Harold Nigel Egerton Salmon is recorded by the Commonwealth War Graves Commission as being born in 1907 but recent research (January 2020) discovered that he was born on 19th July 1909. His mother, Laura Jean Mary Stevenson, was unmarried, something greatly frowned upon at the time.

The father was Royal Navy Captain William Francis Egerton, son of Admiral FL Egerton and Lady Louisa Cavendish, Lady-in-Waiting to Queen Victoria.

Laura Stevenson married in 1911 but presumably having given up Harold as he is recorded as being cared for in a boarding house in Paddington at the same time. His carer, a widow named Katharine Bland, is believed to have been linked to the Egertons by her late husband and another Egerton son having been killed serving together in Ladysmith SA in the Boer War.

(Lieutenant Frederick Greville Egerton RN served on the cruiser HMS Powerful. The ship was docked at Simonstown, South Africa when the town of Ladysmith was surrounded and besieged by the Boers.

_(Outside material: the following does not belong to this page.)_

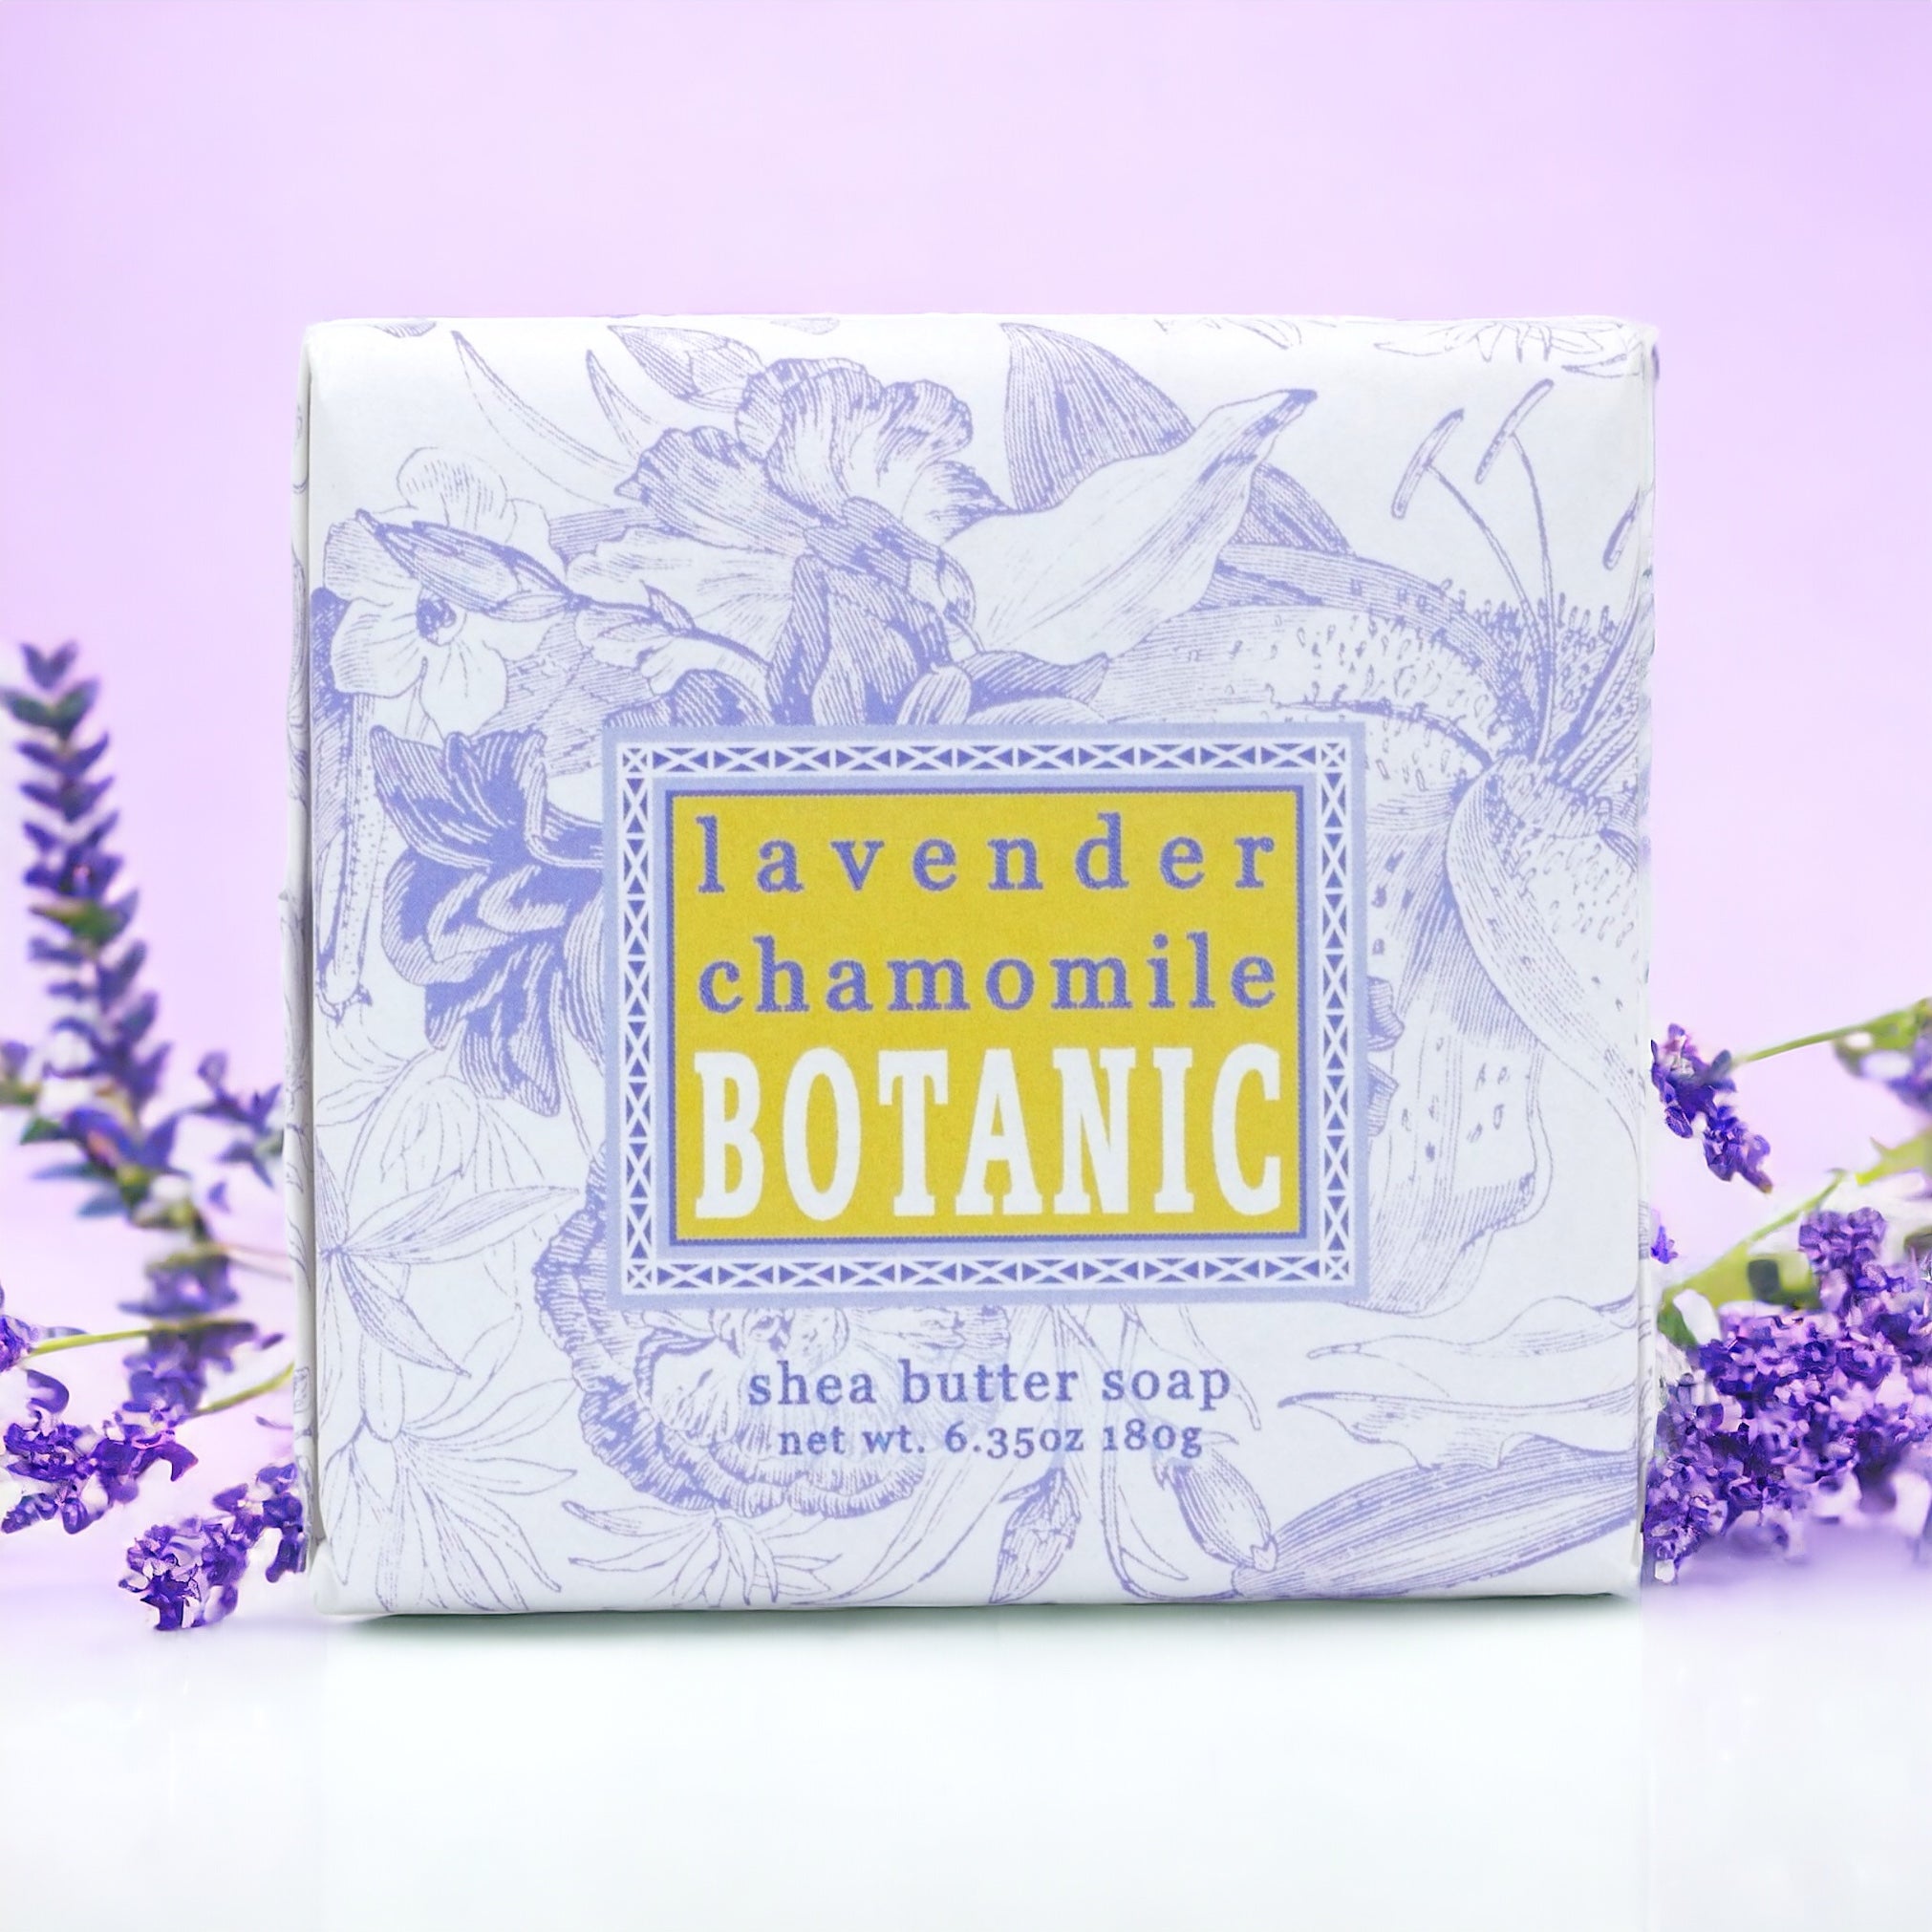 Lavender Chamomile Shea Butter Spa Soap by Greenwich Bay Trading Co.

The commander of the town requested heavy artillery to break the siege and four of Powerful's 12-pounder guns were mounted on makeshift carriages and transported to the battlefield.

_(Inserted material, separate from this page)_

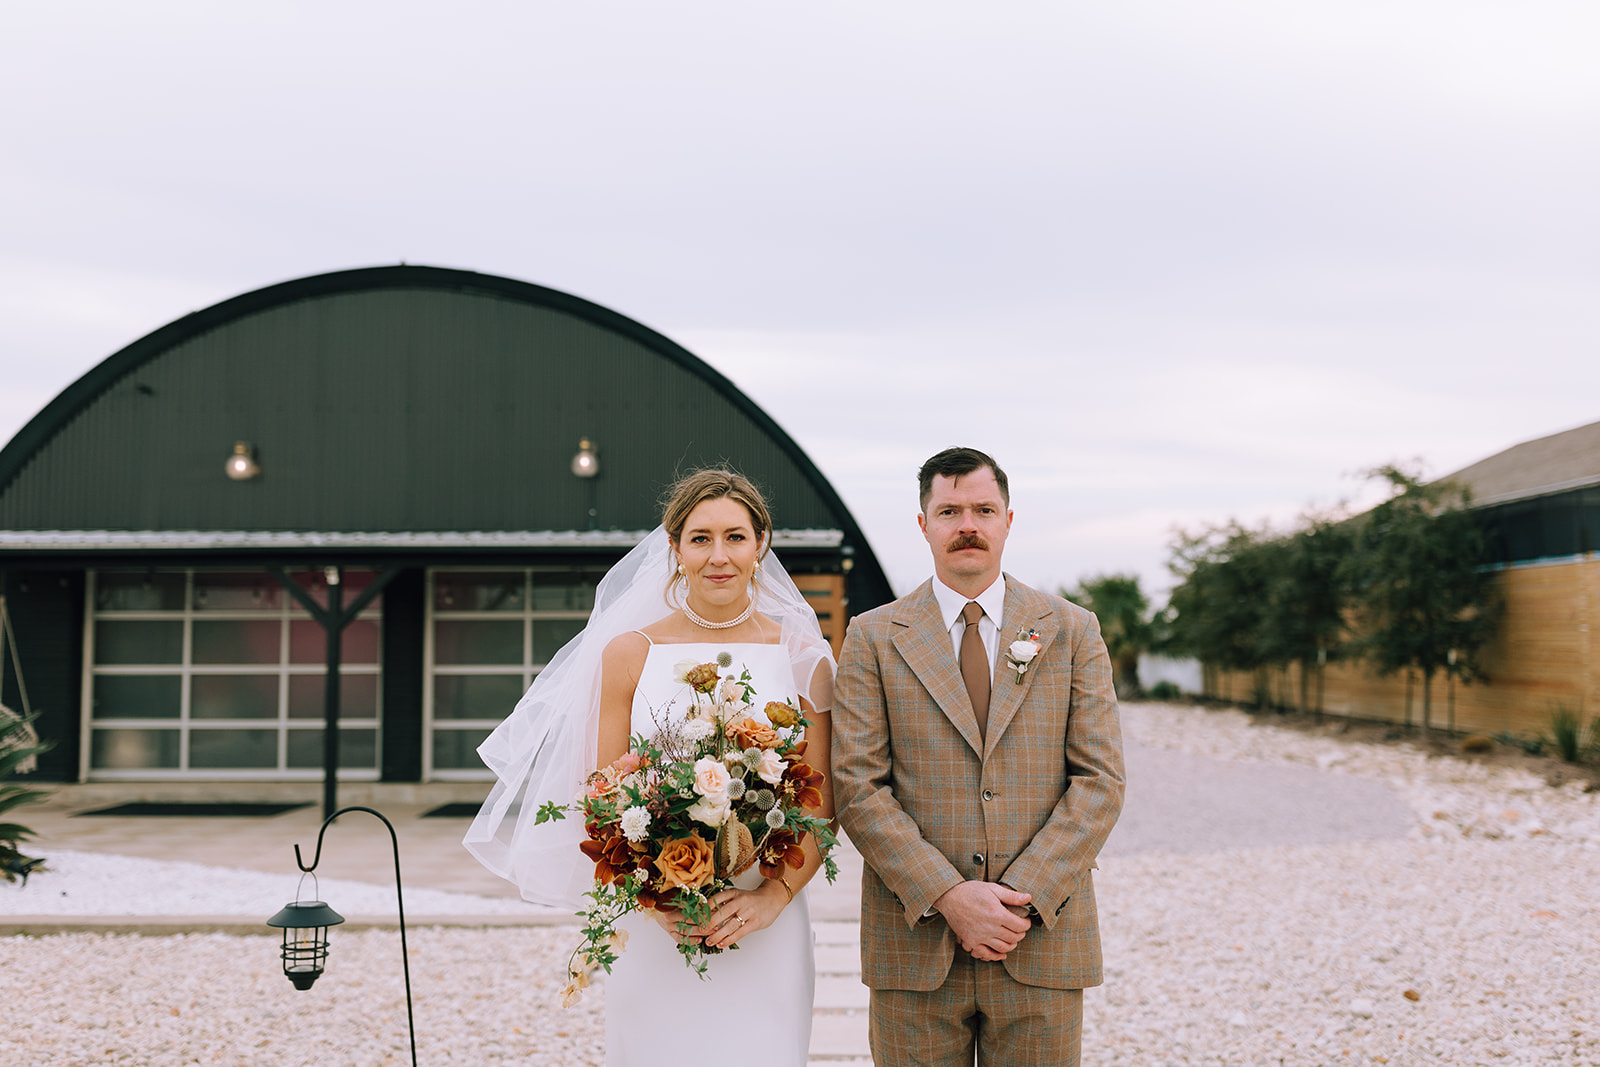 couple stands side by side at outdoor wedding venue

On 2nd November 1899 Egerton was hit in an exchange of fire and both his legs were amputated, he died aged 30 on 5th November.

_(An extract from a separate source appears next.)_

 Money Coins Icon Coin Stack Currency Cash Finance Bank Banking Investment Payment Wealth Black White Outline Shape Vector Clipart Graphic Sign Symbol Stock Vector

The Royal Navy Field Gun competition was founded to commemorate this action.)

At a later date, currently undocumented, Harold was adopted by a single clergyman, the Rev. Harold Dyster Salmon and sent to St. Lawrence School in Ramsgate.

This would seem highly irregular today but seems to have been successful as HNE Salmon was commissioned in Class 'AA' of the Reserve of RAF Officers on 8th June 1933 and went on to flying training at 2 E&RFTS Filton. He transferred to Class 'C' of the RAFO on 8th June 1935 and went back to Class 'AA' on 8th June 1937.

At some time in the 1930s he was employed at a rubber plantation in Malaya. A photograph exists of him with a crashed aircraft (below). This is a Hillson Praga, registration VR-SAU and sold on 20th September 1937 to Malayan Motors Ltd of Singapore. It was sold at some time to Salmon and shipped to the UK for repairs, it was still stored at St Katherines Dock in February 1940.



In view of subsequent events there are also photographs of him with a motor vehicle (below), identified as a Lagonda 2-litre Speed Model (thanks to Len Cozzolino of the Lagonda Club).




Salmon was called to full-time service on 9th September 1939 and went at once to 10 FTS Ternhill for No. 14 Course, which ran until 27th January 1940. He arrived at 11 Group Pool on 1st February and, after converting to Hurricanes, he was posted to No. 1 Squadron in France on 6th March, arriving at Vassincourt, SE of Rheims, on 17th March.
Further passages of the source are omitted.